A better approach than picking different languages and the same programmer might be to use the same language and different programmers. Instead of pair-programming, divorced-programming! Tell programmer #1 what to do and lock them a room. Then tell programmer #2 what to do and lock them in a different room, in a different building, on a different campus, in a different country, ideally without cellphones or internet (programmers don’t need StackOverflow). Only let programmer #1 and #2 out when the code is complete! Now you have two different versions of the same code. Throw a bunch of inputs at the two versions and compare to see if either has a bug in it.

We’ve elimnated the need for output in the input/output testing pair. That’s cool, but we can do better. Instead of writing our test inputs manually, we can manually write a test input generator function to automatically generate inputs. Sprinkle in some contrained-randomization (borrowed from SystemVerilog) and you have a powerful tool for thouroughly testing your code.

If you think this is a waste. It well might be. Two programmers to do one task instead of two. Consider though, that we already do pair programming where two programmers work on a single task. The hope is that as one becomes fatigued or blocked the other can step in.
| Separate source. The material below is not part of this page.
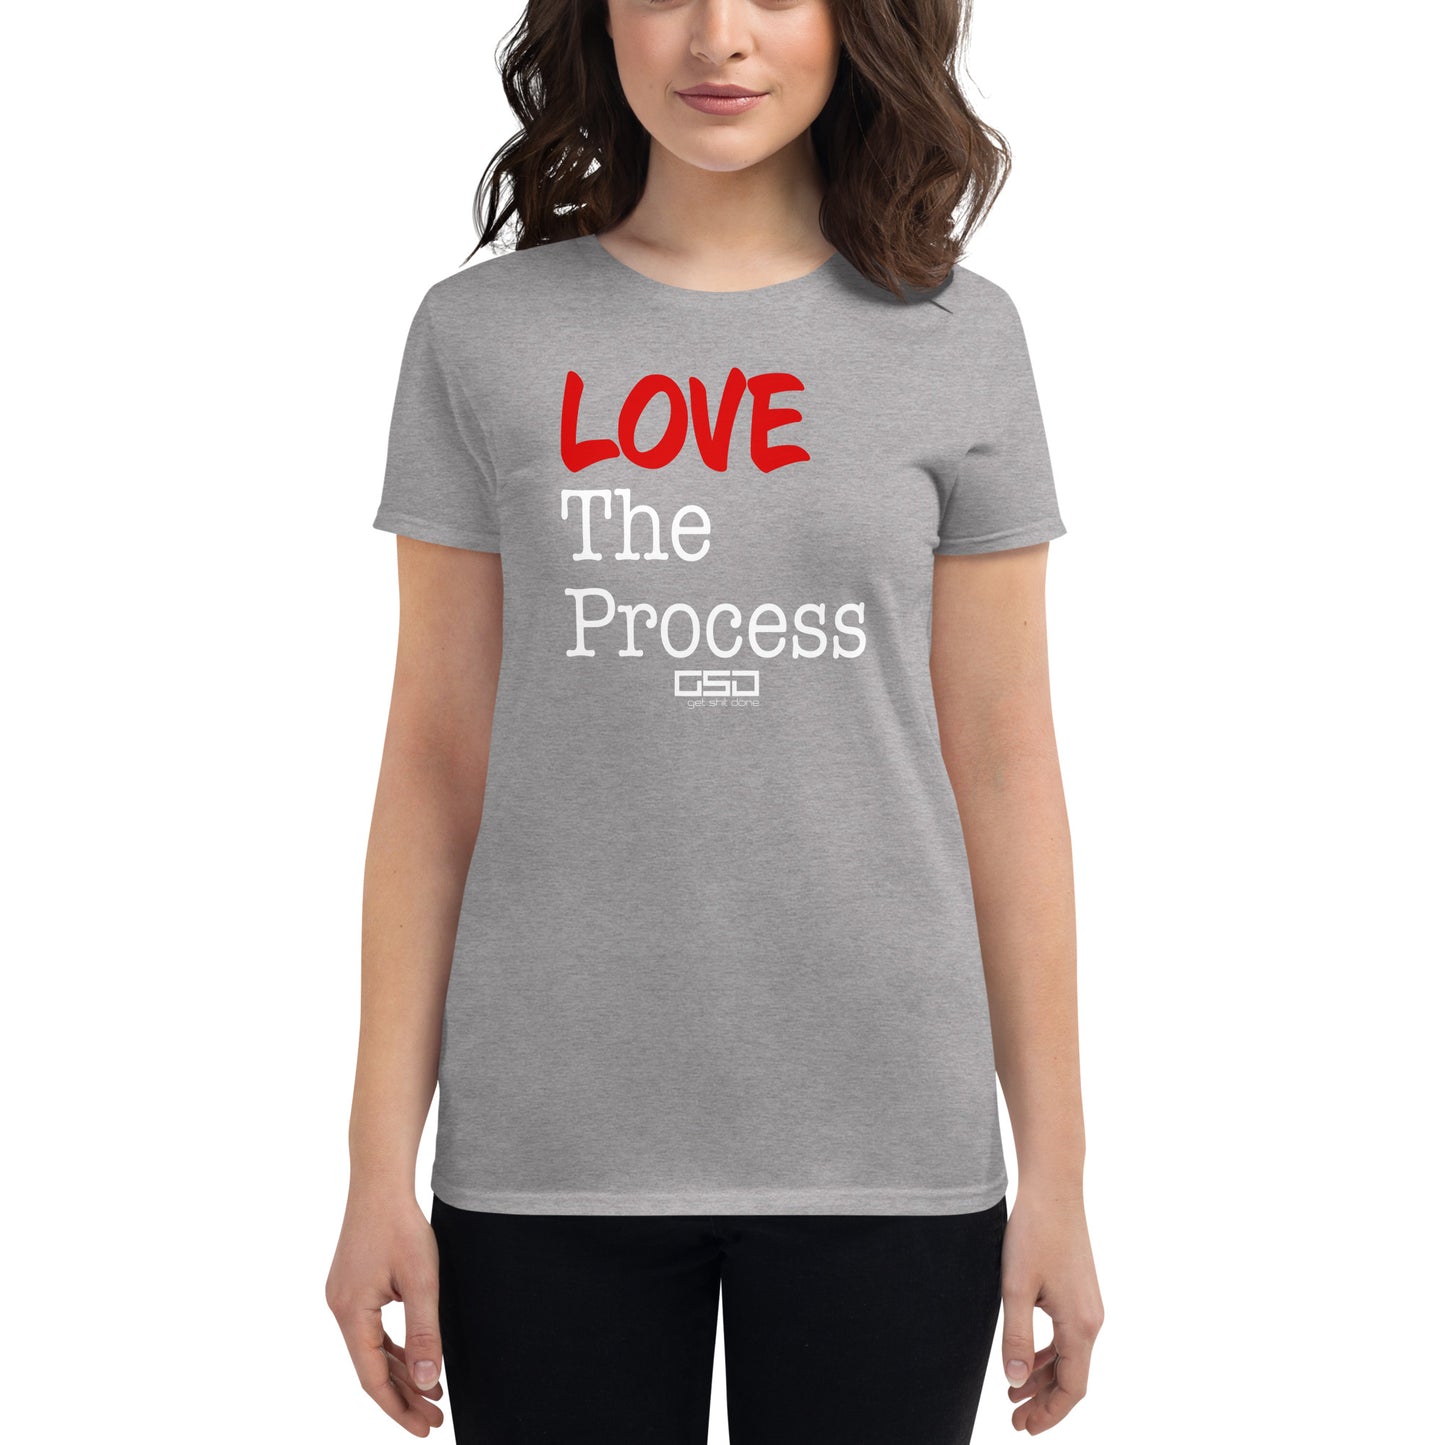 Love The Process-Women's short sleeve t-shirt

Two programmers sharing their energy, skill and experience with the purpose of creating better code. Pair programming is one way to deploy programmers, but you can also deploy them through divorced programming. In divorced programming the goal isn’t speed or communication but correct code for critical applications.

When you have a piece of code that is critical and absolutely has to be correct. Send two programmers off to create it twice. Build a test-input generator and then create all the corner case inputs you can think of. It’ll be the most tested and validated piece of code in your code-base.